Senate Bill Would Restrict Tech Firms From Favoring Own Products

(Bloomberg) — A bipartisan group of senators is planning to introduce legislation to prevent the biggest U.S. technology giants like Amazon.com Inc. and Apple Inc. from giving an advantage to their own products over those of competitors. 

The bill, announced on Thursday by Amy Klobuchar, a Minnesota Democrat, and Iowa Republican Chuck Grassley, would prohibit the companies from using data to hurt competition, stacking search results in their favor or restricting the way other services use their platforms. 

The measure matches a House proposal that tech groups have warned would risk user security and make it harder to use services that consumers enjoy. 

“America has a monopoly problem, and we have these dominant tech companies that for too long have said ‘trust us,’” Klobuchar, who chairs the Senate Judiciary antitrust subcommittee, said in a telephone interview on Wednesday. “There has been a major assault on competition, and our country is built on open markets and fair competition.”

The legislation also bolsters the Federal Trade Commission’s enforcement clout by giving the agency authority to levy civil penalties, impose injunctions and target executive pay. 

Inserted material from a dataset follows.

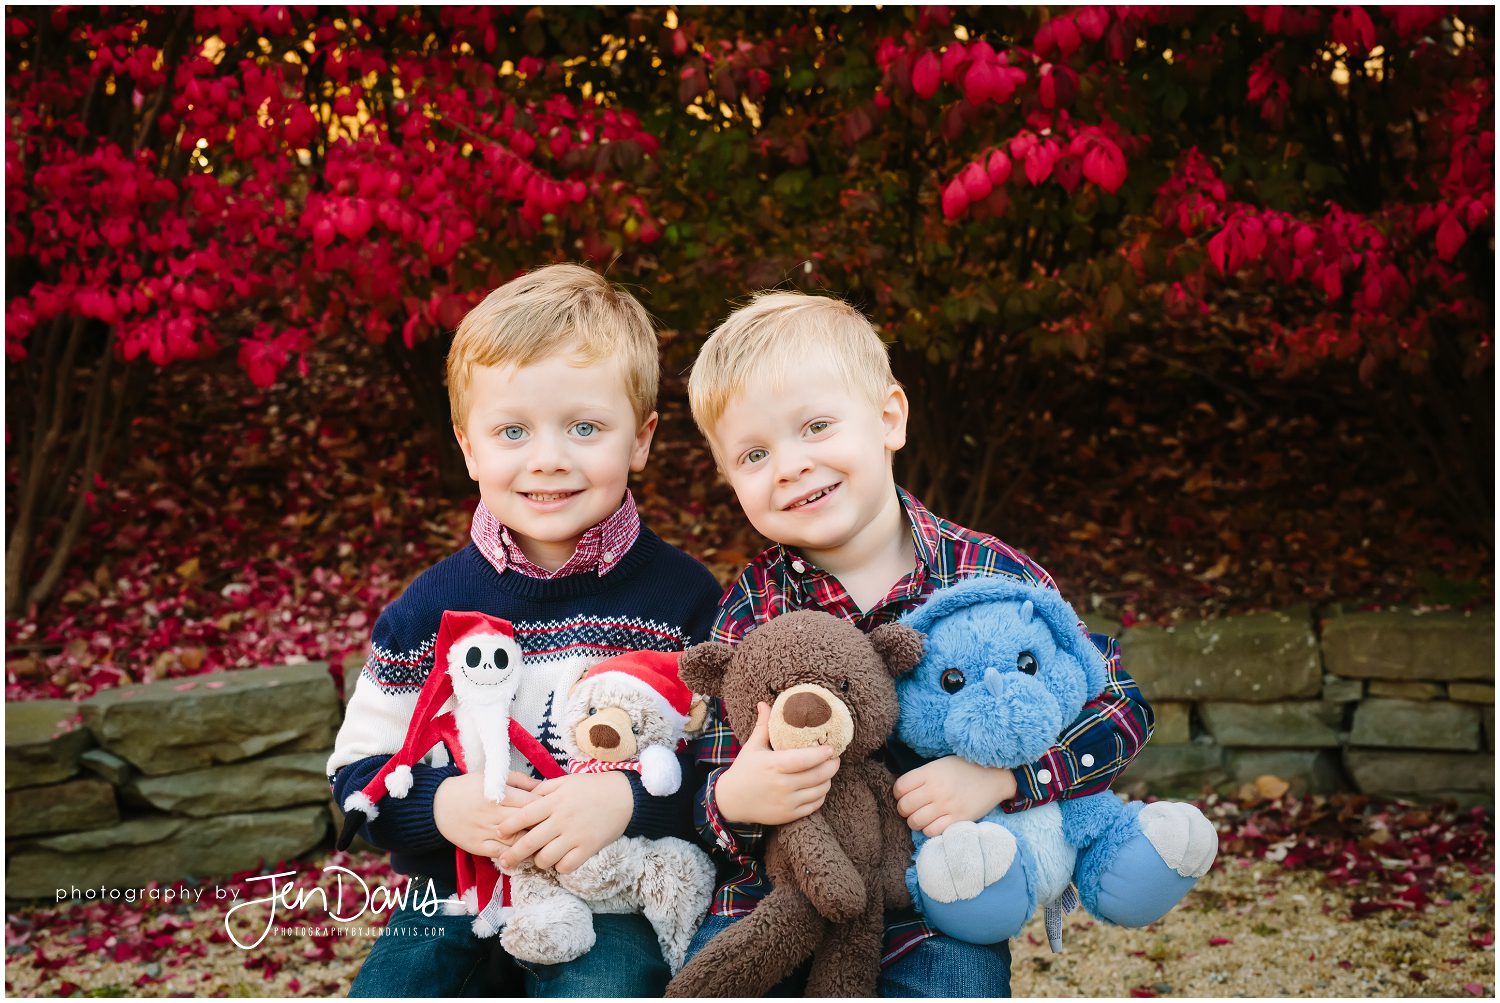 Little boys hugging their stuffed animals

A strong roster of co-sponsors, including the chair and top Republican on the Senate Judiciary Committee, which would first consider the legislation, increases its chances of eventually getting a vote on the Senate floor. The proposal roughly mirrors a bill by Representative David Cicilline, a Rhode Island Democrat, which was advanced by the House Judiciary Committee in June but has not get gotten a vote in the full House. 

The Senate bill reflects months of negotiations between Klobuchar, Grassley and their staffs to assuage concerns and build broader support in both parties. While the measure was in the works long before a Facebook whistle-blower raised allegations of misconduct by the company, Klobuchar said the past month’s revelations have served as a “catalyst for action” in Congress.

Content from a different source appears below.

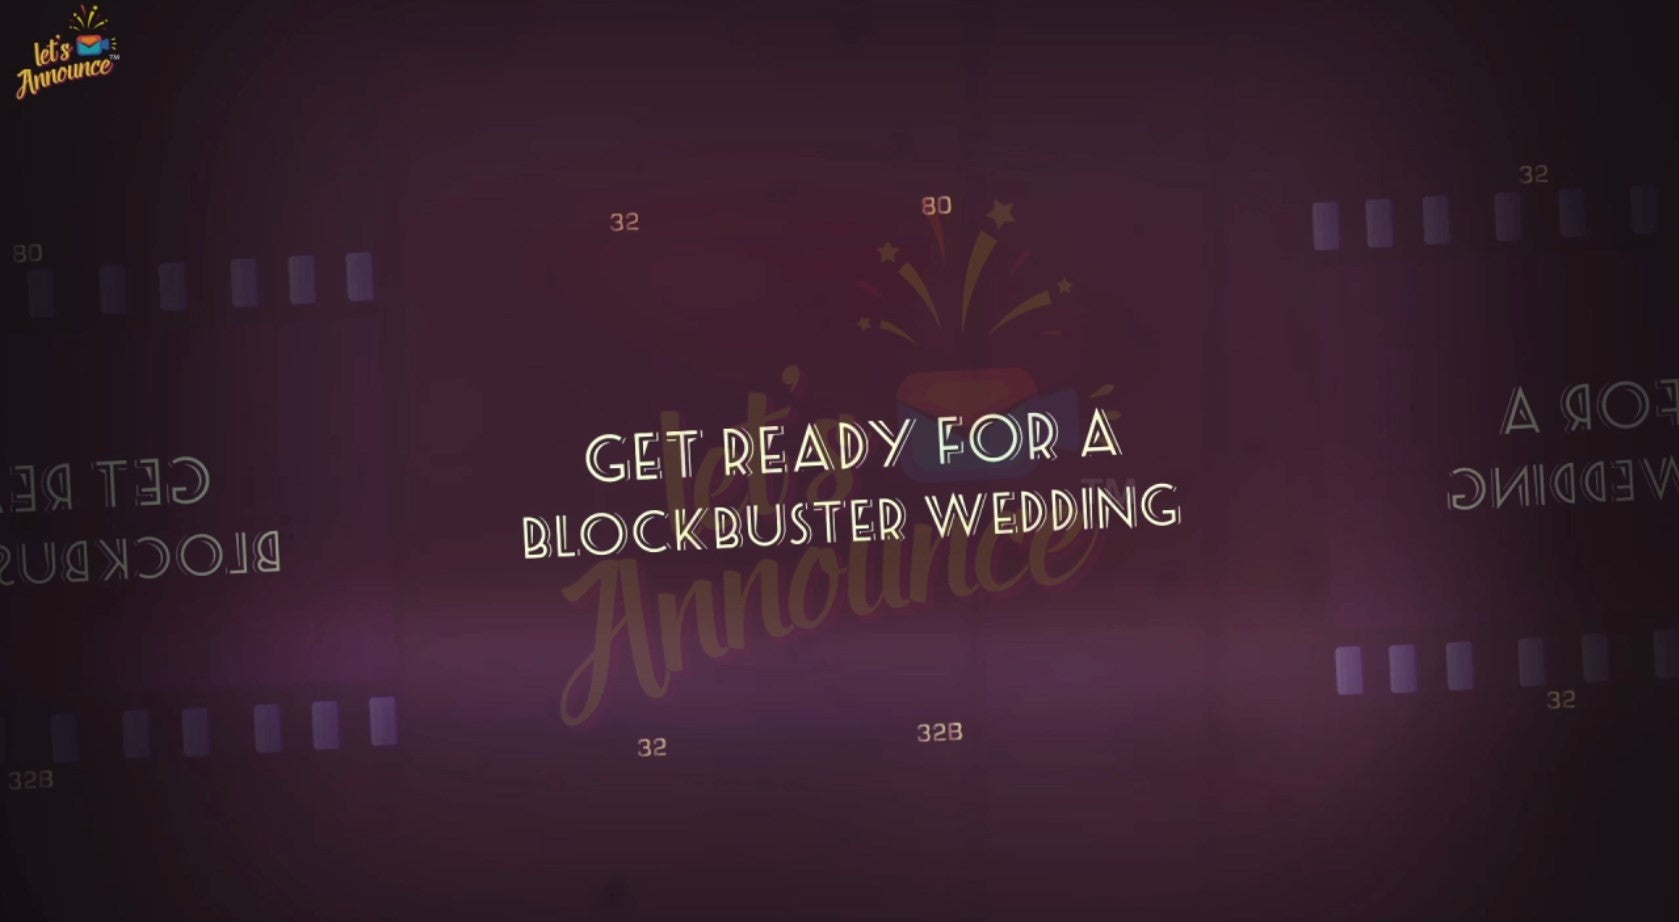 Blockbuster Wedding Invite - 30 sec (USD 35$)

When it comes to tech-focused antitrust action, the companies “have been lobbying against this, and that’s why I was so pleased that my colleagues stood up to it,” Klobuchar said, adding that the companies’ lobbyists have a “take no prisoners” approach to opposing legislation they disagree with. 

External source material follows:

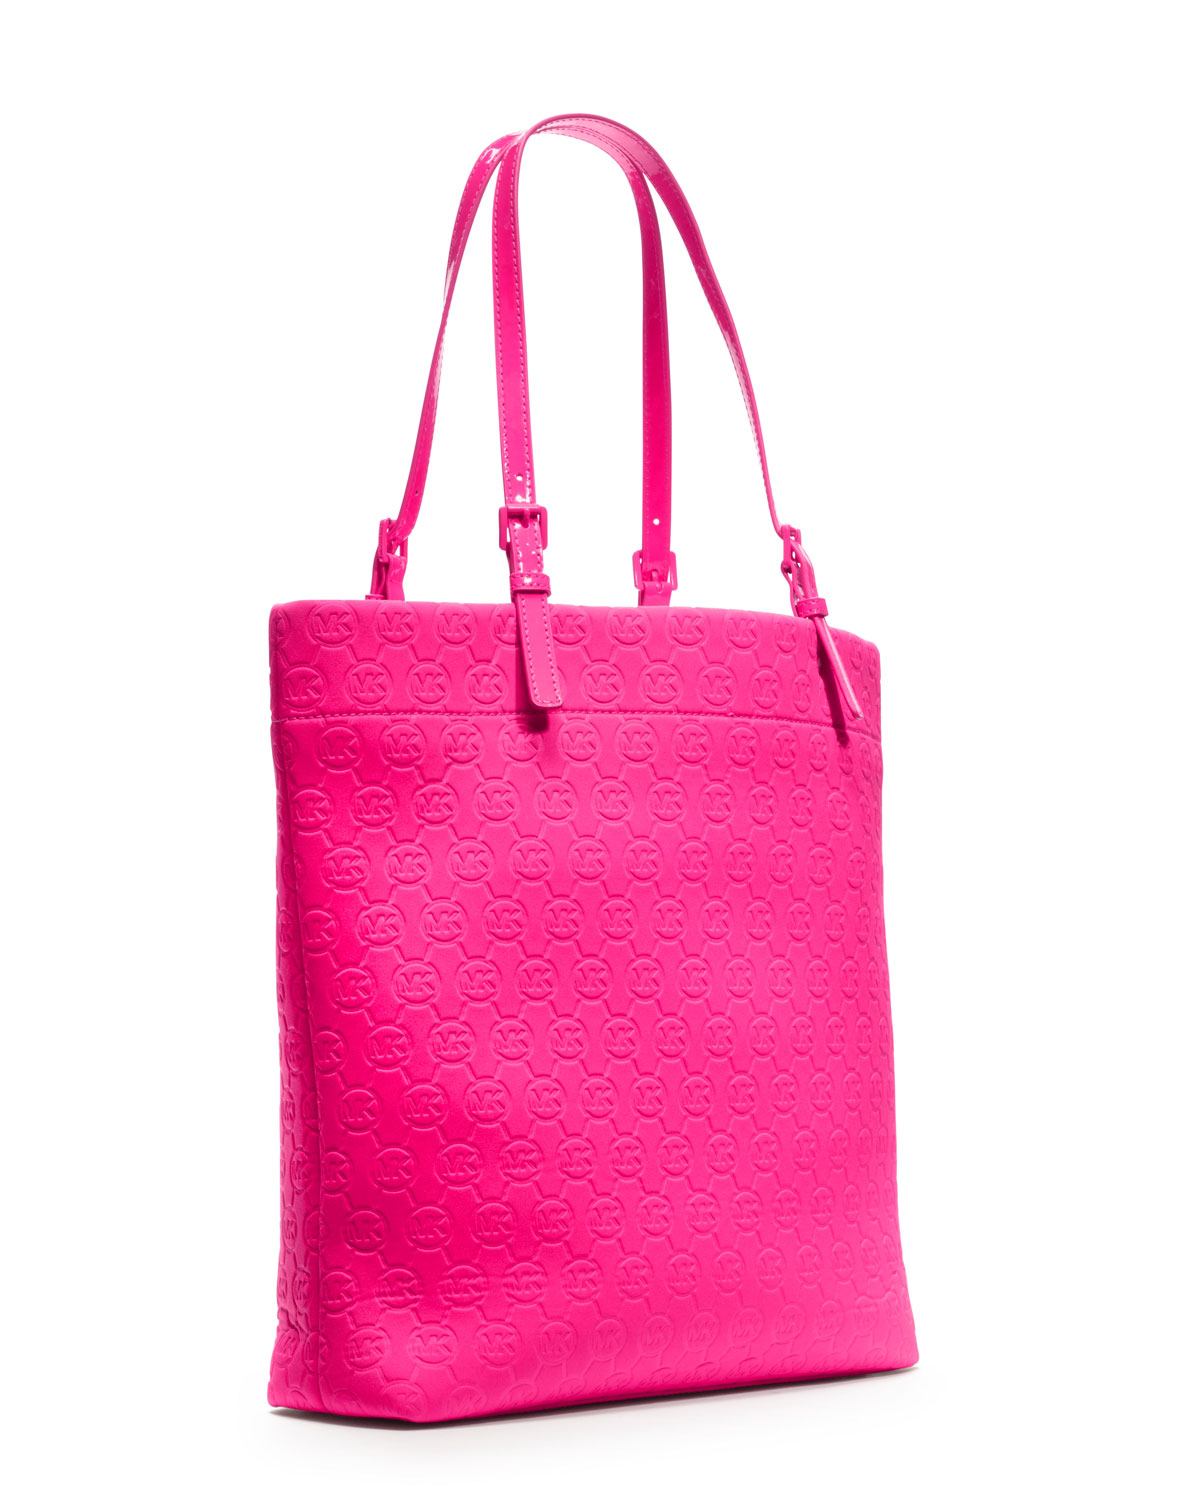 neon pink MK bag

The Senate bill, like the House version, would apply to Apple, Amazon, Facebook Inc. and Alphabet Inc.’s Google. The Senate proposal has the same criteria for a platform’s monthly users but a slightly lower threshold for market capitalization — $550 billion instead of the $600 billion in the House bill — and small changes to the definition of a critical trading partner. 

Klobuchar said her bill also eliminates a provision from the House version that would have allowed conduct that “increases consumer welfare,” because the senators believed that to be too big of a loophole for companies. The Senate version also streamlines some of the penalties and tweaks some language to “ensure that platforms can improve their products without fear of violating the law,” Klobuchar said. 

Read More: Tech Giants Get New Chance to Weigh In on House Antitrust Bills

The bill from Cicilline, who chairs the House Judiciary antitrust subcommittee, and Representative Lance Gooden, a Texas Republican, was part of a package of six bipartisan bills put forth by the House Judiciary Committee. Two of those bills already have Senate companions, and Senator Tom Cotton, an Arkansas Republican, is working on another proposal similar to the House bill to limit mergers and acquisitions by covered platforms.